A campaign began in 2017 when Birmingham won its bid to host the 2022 Commonwealth Games.

Emblem 
The official emblem was unveiled on 27 July 2019 in Centenary Square, Birmingham, by the Birmingham Organising Committee for the 2022 Commonwealth Games (BOCCG) as part of the Commonwealth Social Festival to commemorate Three Years To Go. The emblem is a jagged, triangular "B" shape formed by blue-yellow gradient lines representing the key venues of the Games in the West Midlands. It was designed by local agency RBL, based in Royal Leamington Spa.
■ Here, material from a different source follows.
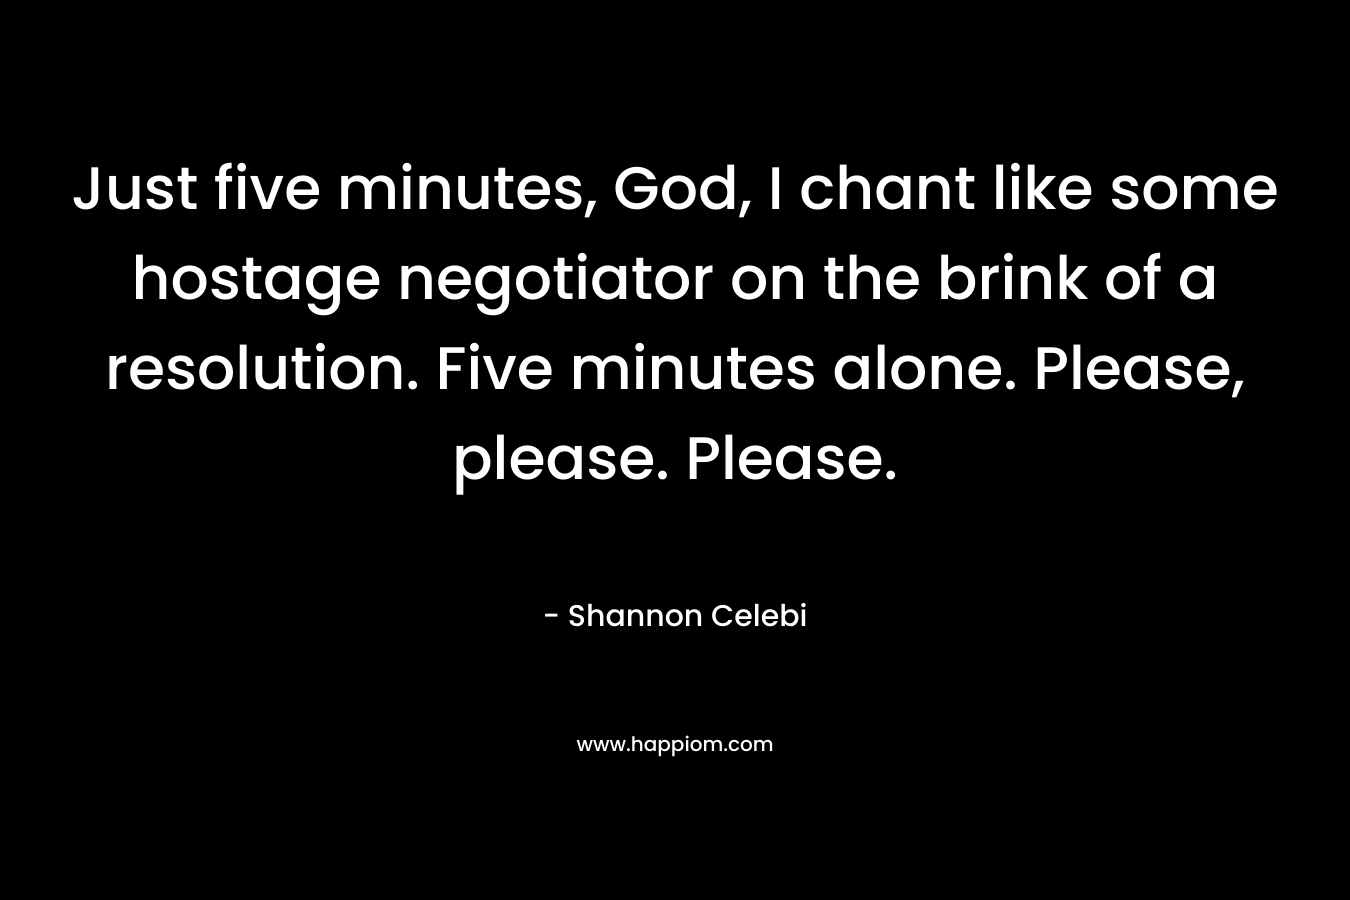 Just five minutes, God, I chant like some hostage negotiator on the brink of a resolution. Five minutes alone. Please, please. Please. – Shannon Celebi

This insignia is also the first to use the Commonwealth Games Federation's (CGF) new branding, "Commonwealth Sport". Locals in the city and on social media have mostly reacted positively to it and some compared it to the emblem for the 2012 Summer Olympics.

Sponsors

Partners 
Longines, a Swiss watchmaker, agreed to be the official partner and timekeeper for the next three editions of the Games, beginning in Birmingham in 2022. The news was made on Commonwealth Day, 9 March 2020, when the CGF, in collaboration with Longines and BOCCG, unveiled the Games's countdown clock in Centenary Square.

On 23 September 2020, BOCCG announced the University of Birmingham as the games' second official partner. The university provided venues and accommodation for the athletes during the events. The agreement also confirmed the university as the official partner of the international leg of the Games's Queen's Baton Relay.

On 9 March 2022, E.ON was unveiled as the third partner.